Elena Reyes: Hope is not a renewal strategy.
Derek Simmons: Okay, so concrete actions. Someone's listening right now, their pricing page still says AI-powered somewhere, renewals land in Q3, what do they do this week?
Elena Reyes: One thing: pull up your three biggest renewal accounts.
Derek Simmons: Mm-hmm.
Elena Reyes: Look at how your product is categorized in their spend management tool—Ramp, Brex, whatever they're using. If you're in the AI tools bucket with a hard cap, you're negotiating against Uber's $1,500 limit before the call even starts.
Derek Simmons: So you need to know which bucket you're in before they tell you on a renewal call.
Elena Reyes: Because by then, procurement has already made the decision. You're just there to hear it.
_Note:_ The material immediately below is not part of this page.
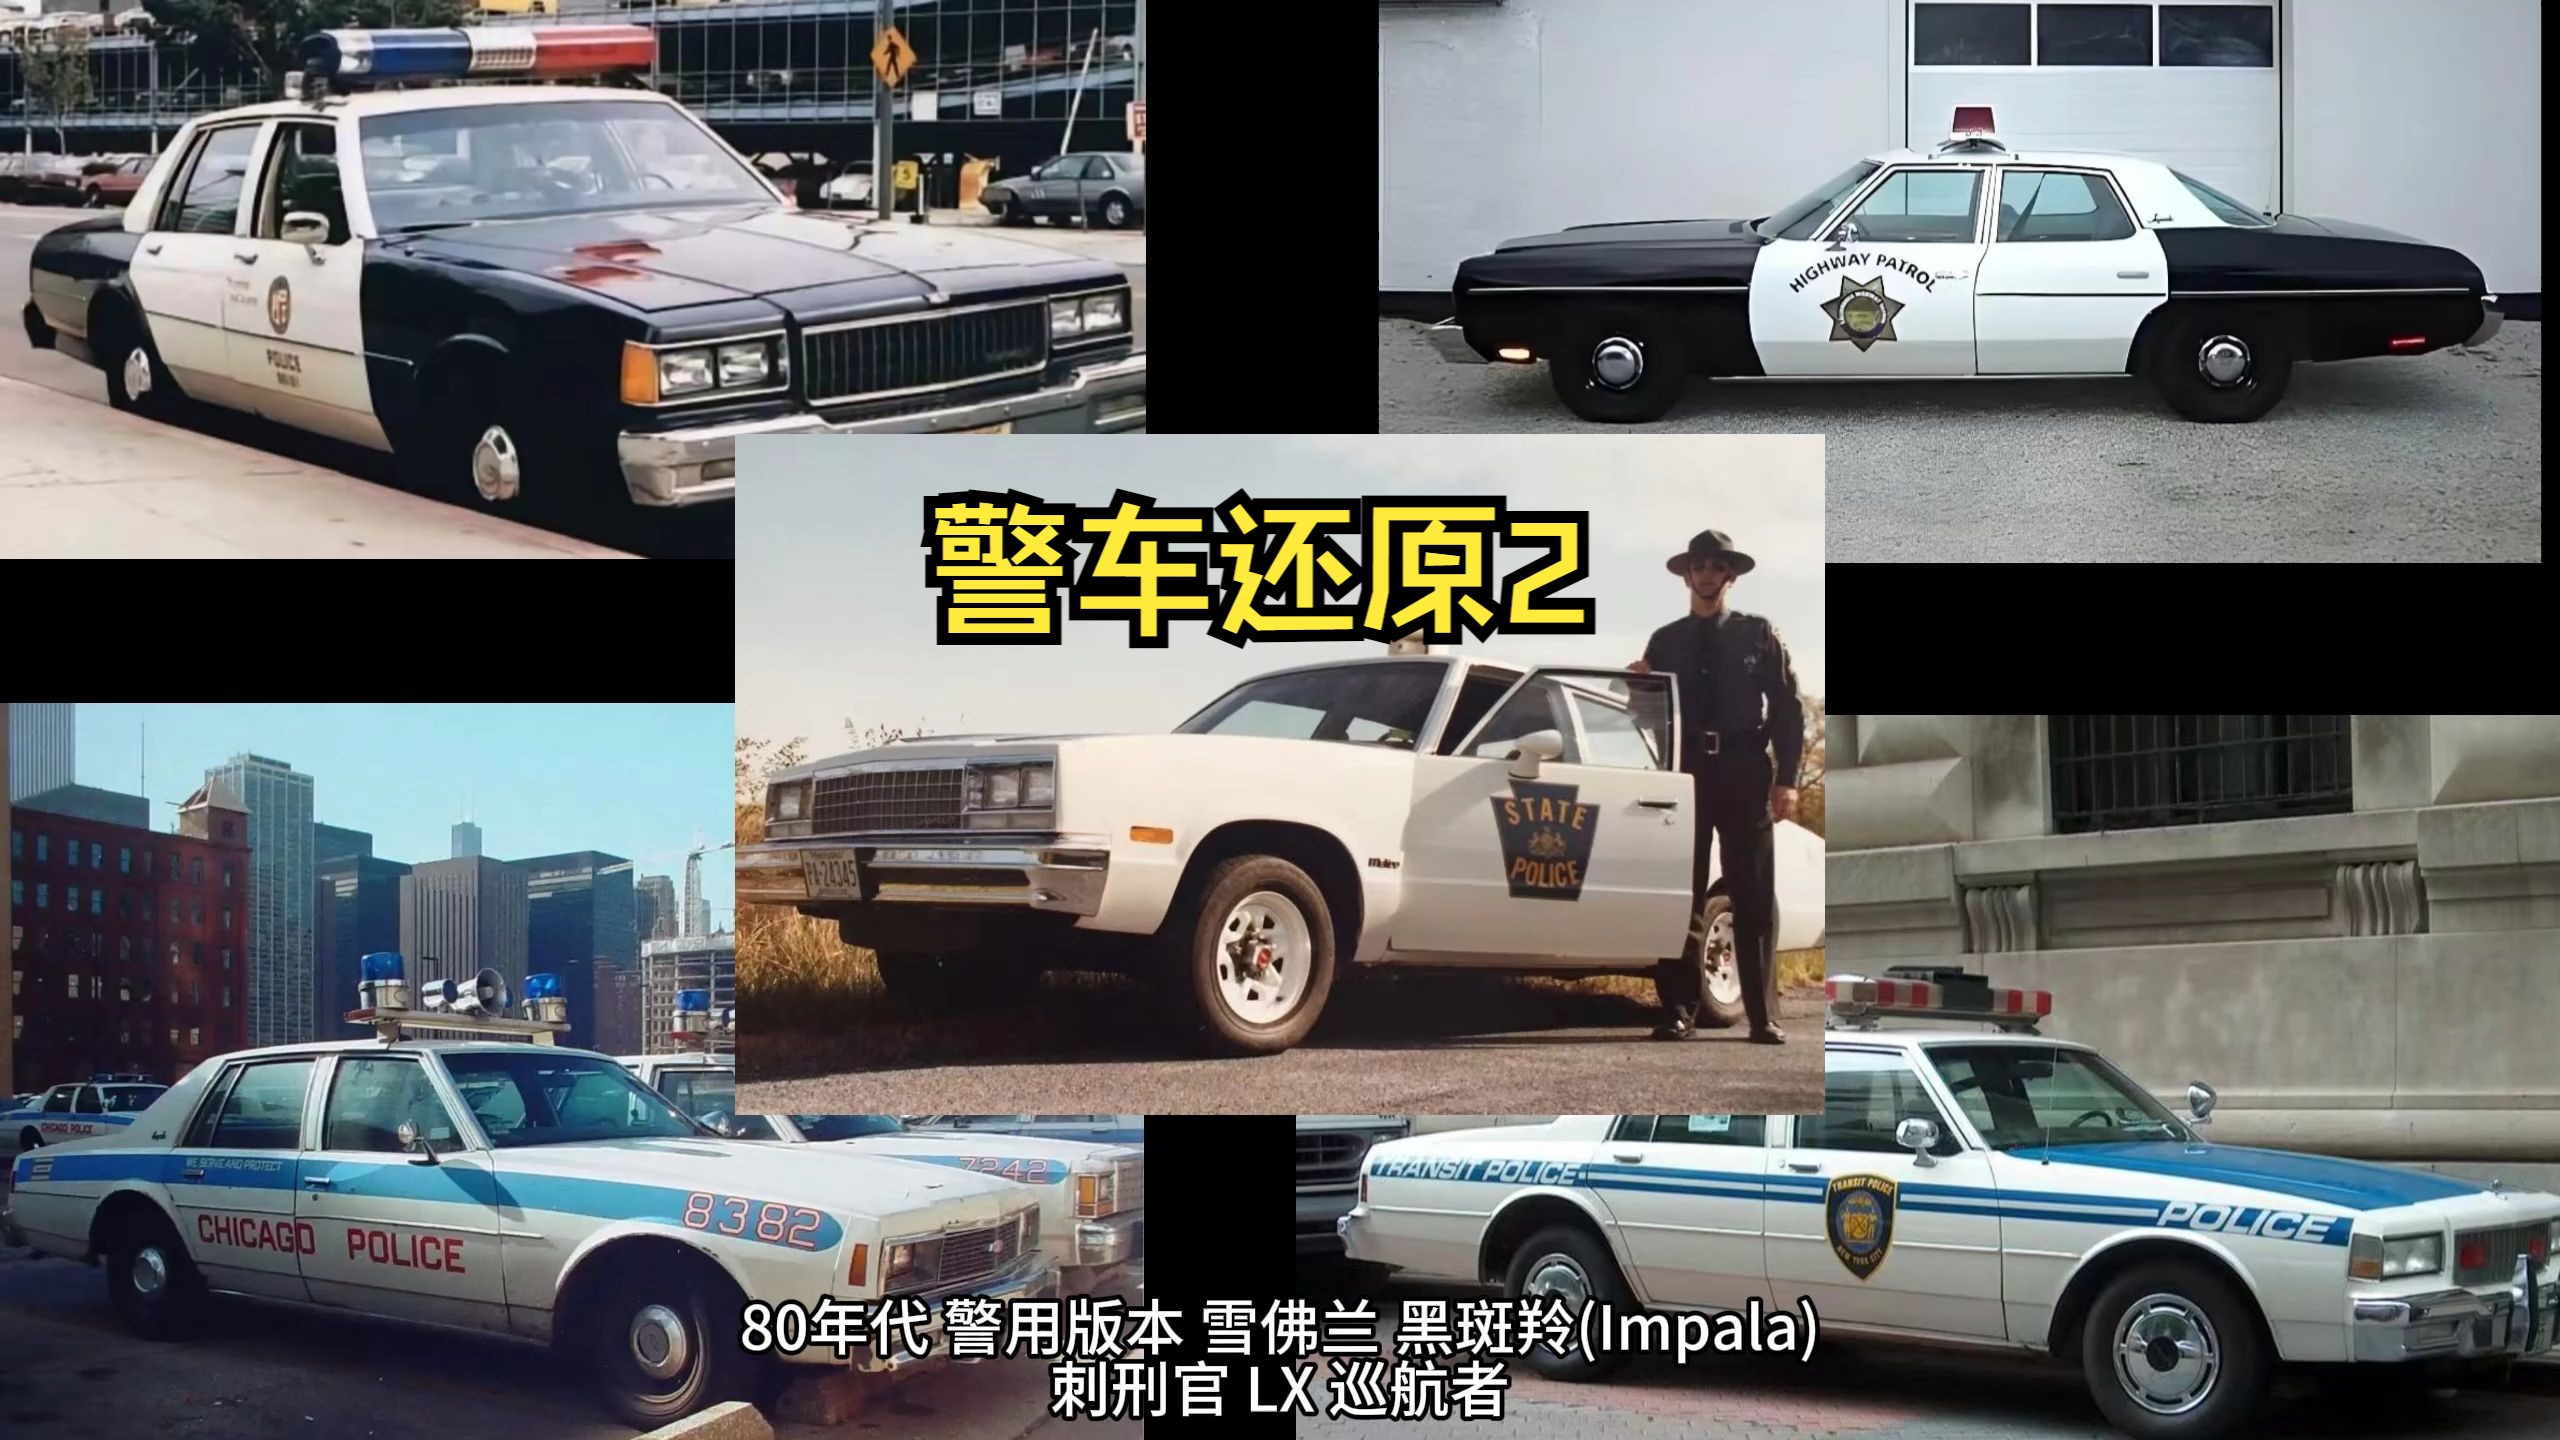 【贝尔改装铺】gtaol 警车还原 警用版本 雪佛兰 黑斑羚(impala) 刺刑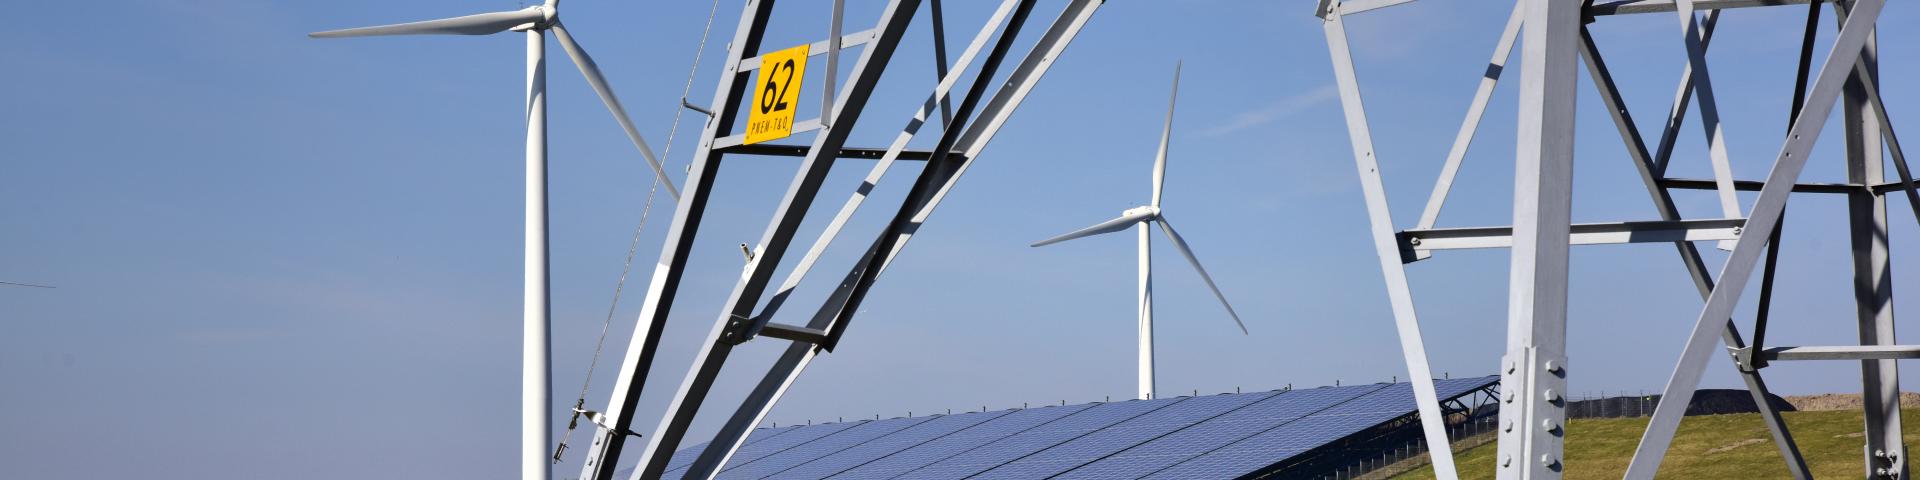 Foto van windmolens, zonnepanelen en een elektriciteitsmast

Derek Simmons: Not great odds.
Elena Reyes: Right, that's a wrap on this one, and honestly, if you're a SaaS founder selling into enterprise right now, I hope that objection reframe stuck.
Derek Simmons: The categorization thing, that's the one I keep coming back to. Your product lands in the AI tools bucket, and according to Simon Willison's coverage of the Uber story, that bucket now has a hard cap.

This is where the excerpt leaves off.